On the outside, twenty-eight year old Rebekah had dark hair always pulled tightly into a bun on the back of her head, and deep chocolate eyes hidden by her wire-rimmed glasses, worn more to look like a legitimate professor than out of need. Her normal attire was a pencil skirt or slacks, a loose-fitted blouse and blazer, and sensible shoes since she walked miles a day on the large University of Southern California campus.
Rebekah was a history professor who mostly loved her job. She never had been able to understand those who didn’t appreciate the romance and trauma of history. There was so much about it that was fascinating, and no matter how many years she studied it, she would never come close to touching the vastness of the subject.
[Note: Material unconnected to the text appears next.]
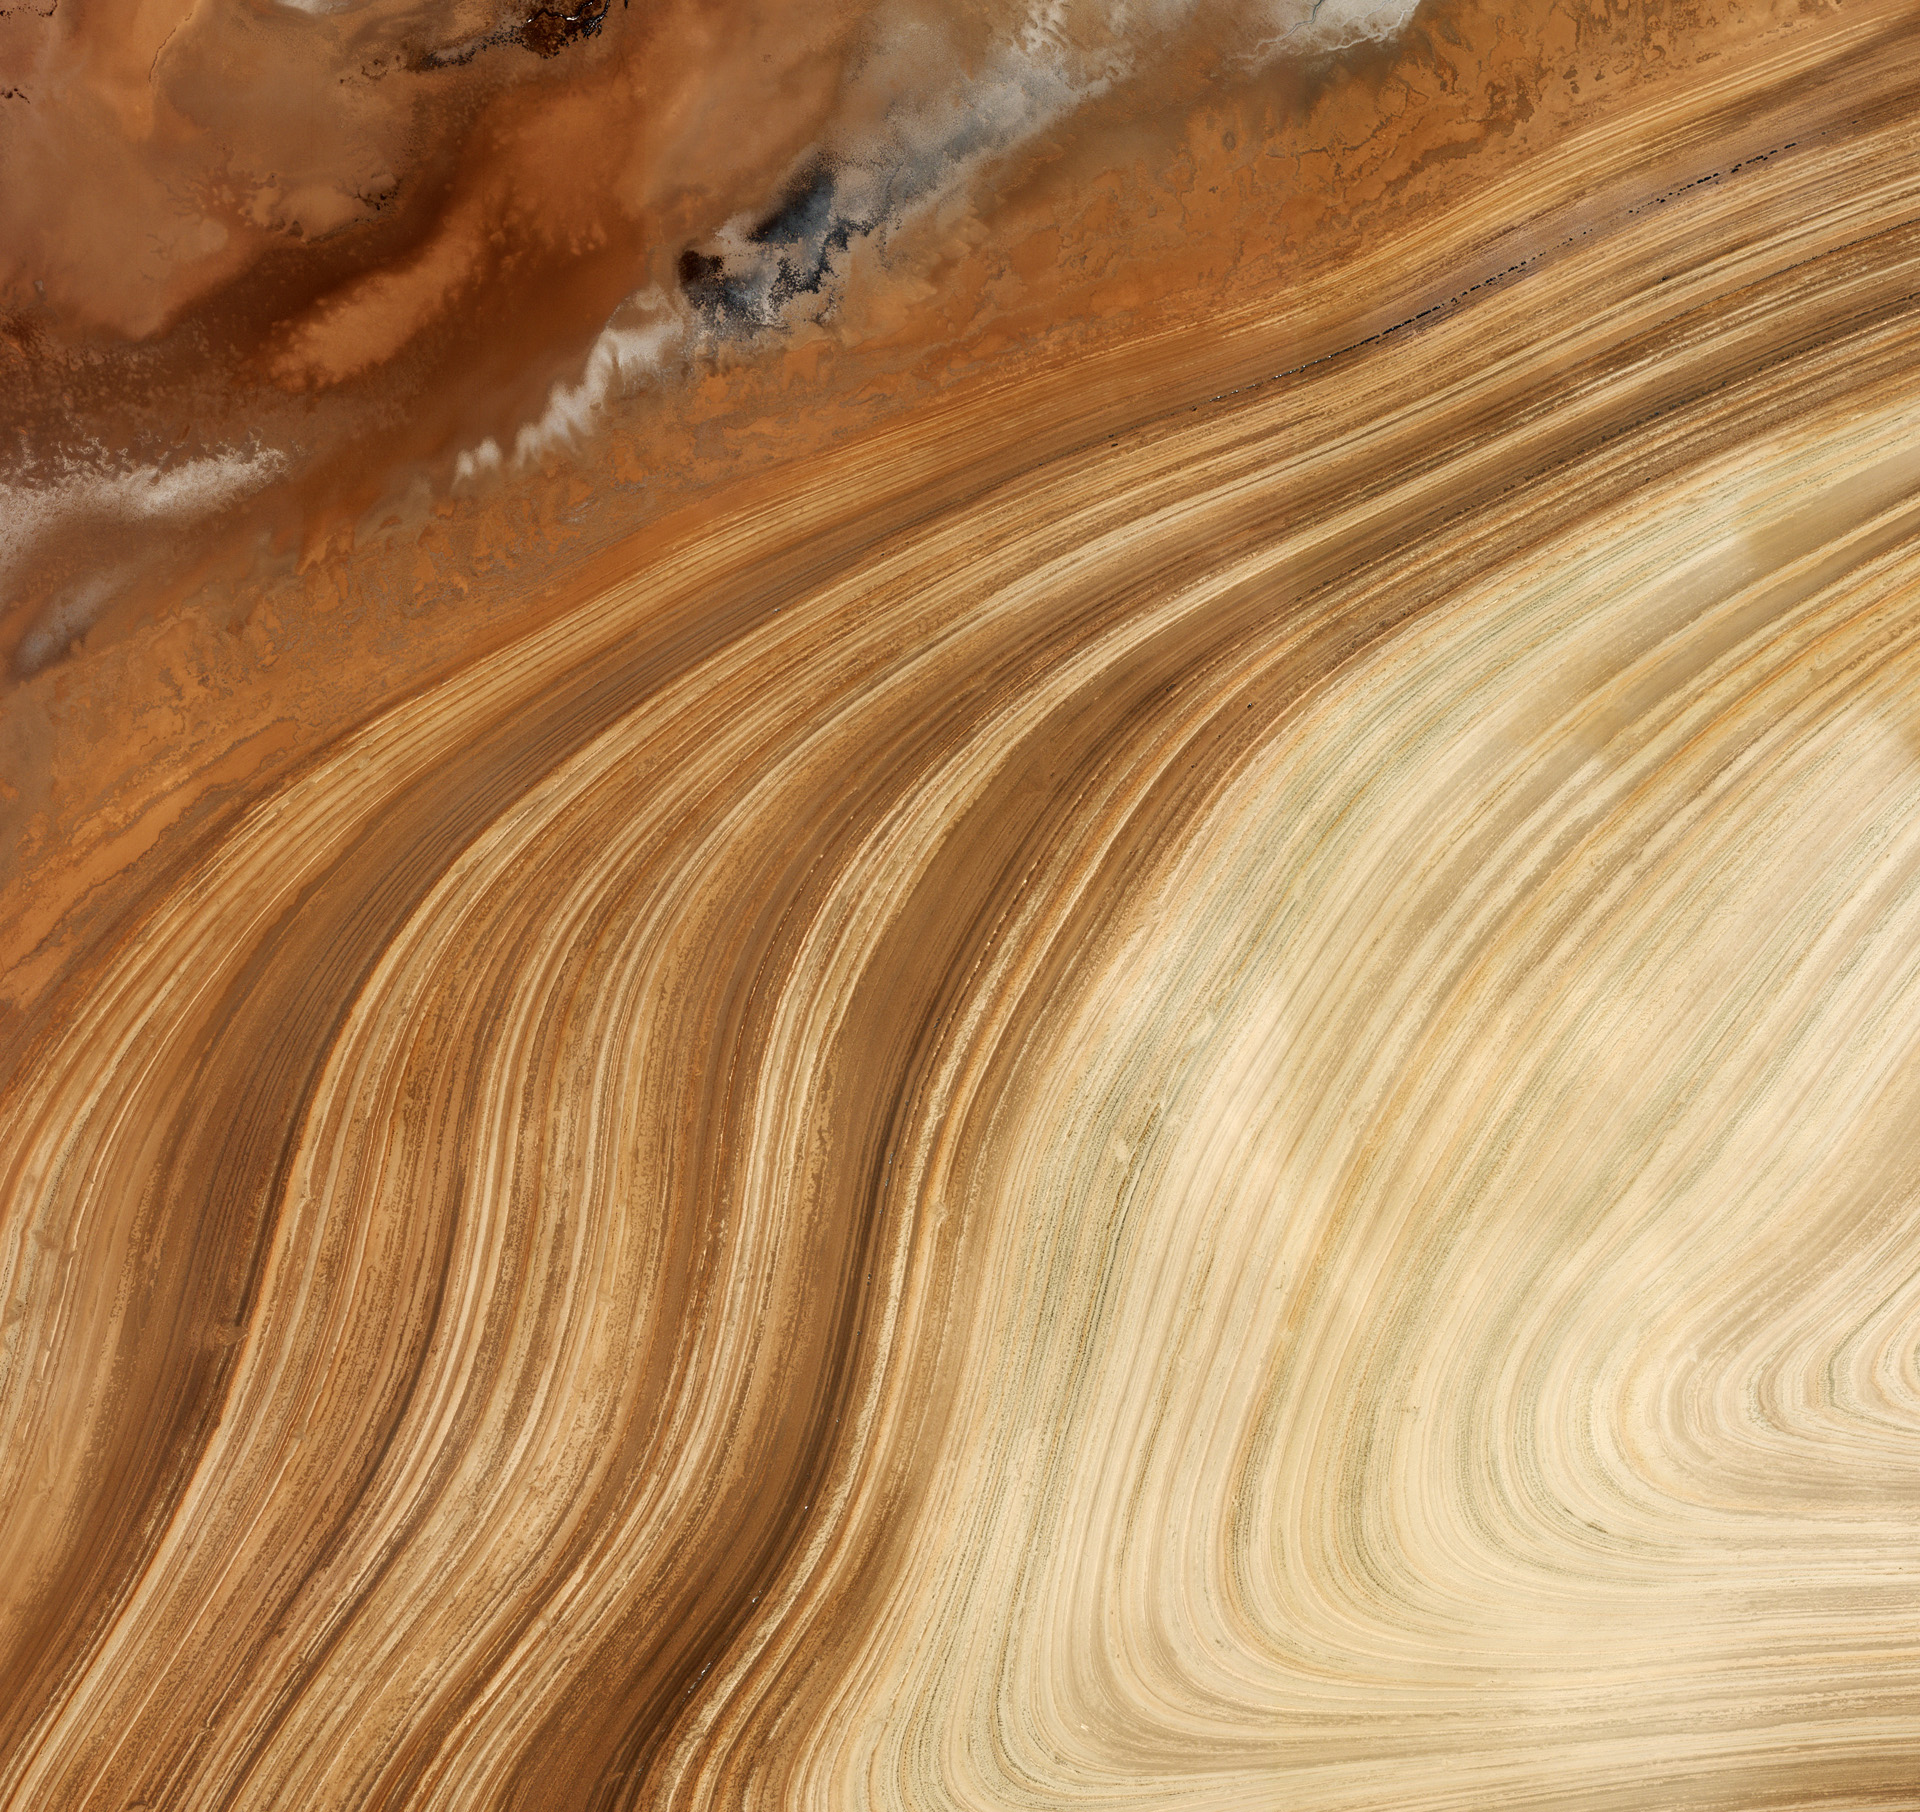 Cette image du désert de sel iranien a été prise le 13 novembre 2008 par Ikonos 2, un satellite commercial qui fournit une imagerie panchromatique et multispectrale à très haute résolution, jusqu'à 1 m par pixel. © European Space Imaging (EUSI)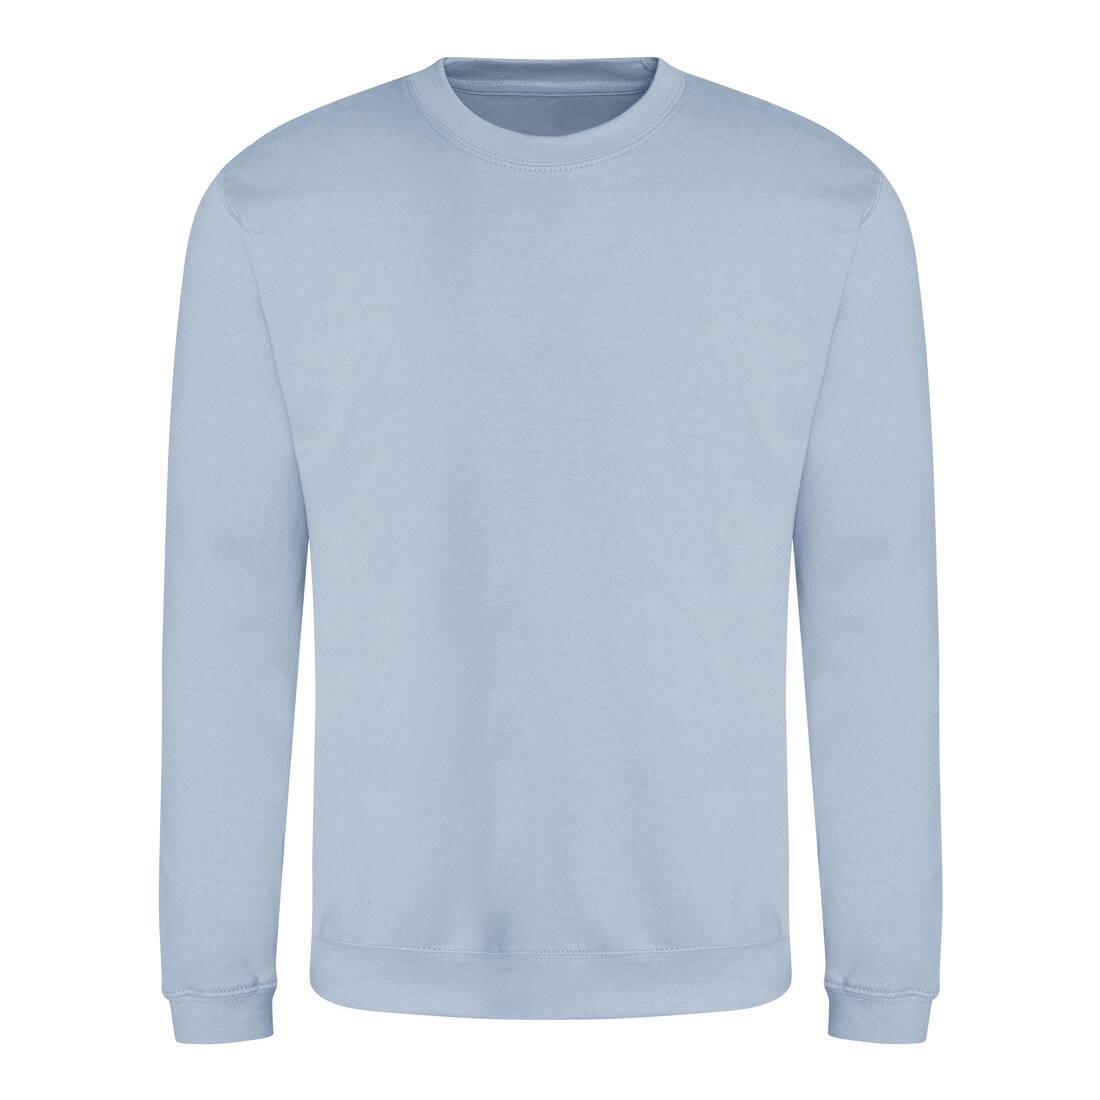 Sweater voor heren hemelsblauw Just Hoods te personaliseren

But Rebekah would always dream. In her mind she would be raiding a tomb in a lost city, her hair billowing over her shoulders, guns tied to her sides, men gazing at her in awe. In her dreams she looked like Lara Croft, not the uptight professor her parents had expected her to be from the first straight-A report card she’d brought home.
With a sigh, Rebekah forced herself to focus as she graded papers. She didn’t often get students visiting her during office hours. She knew teaching undergraduate classes was her way to earn her stripes, but someday she’d be teaching the upper-division ones, the classes students wanted to be in, weren’t forced to attend by undergrad requirements.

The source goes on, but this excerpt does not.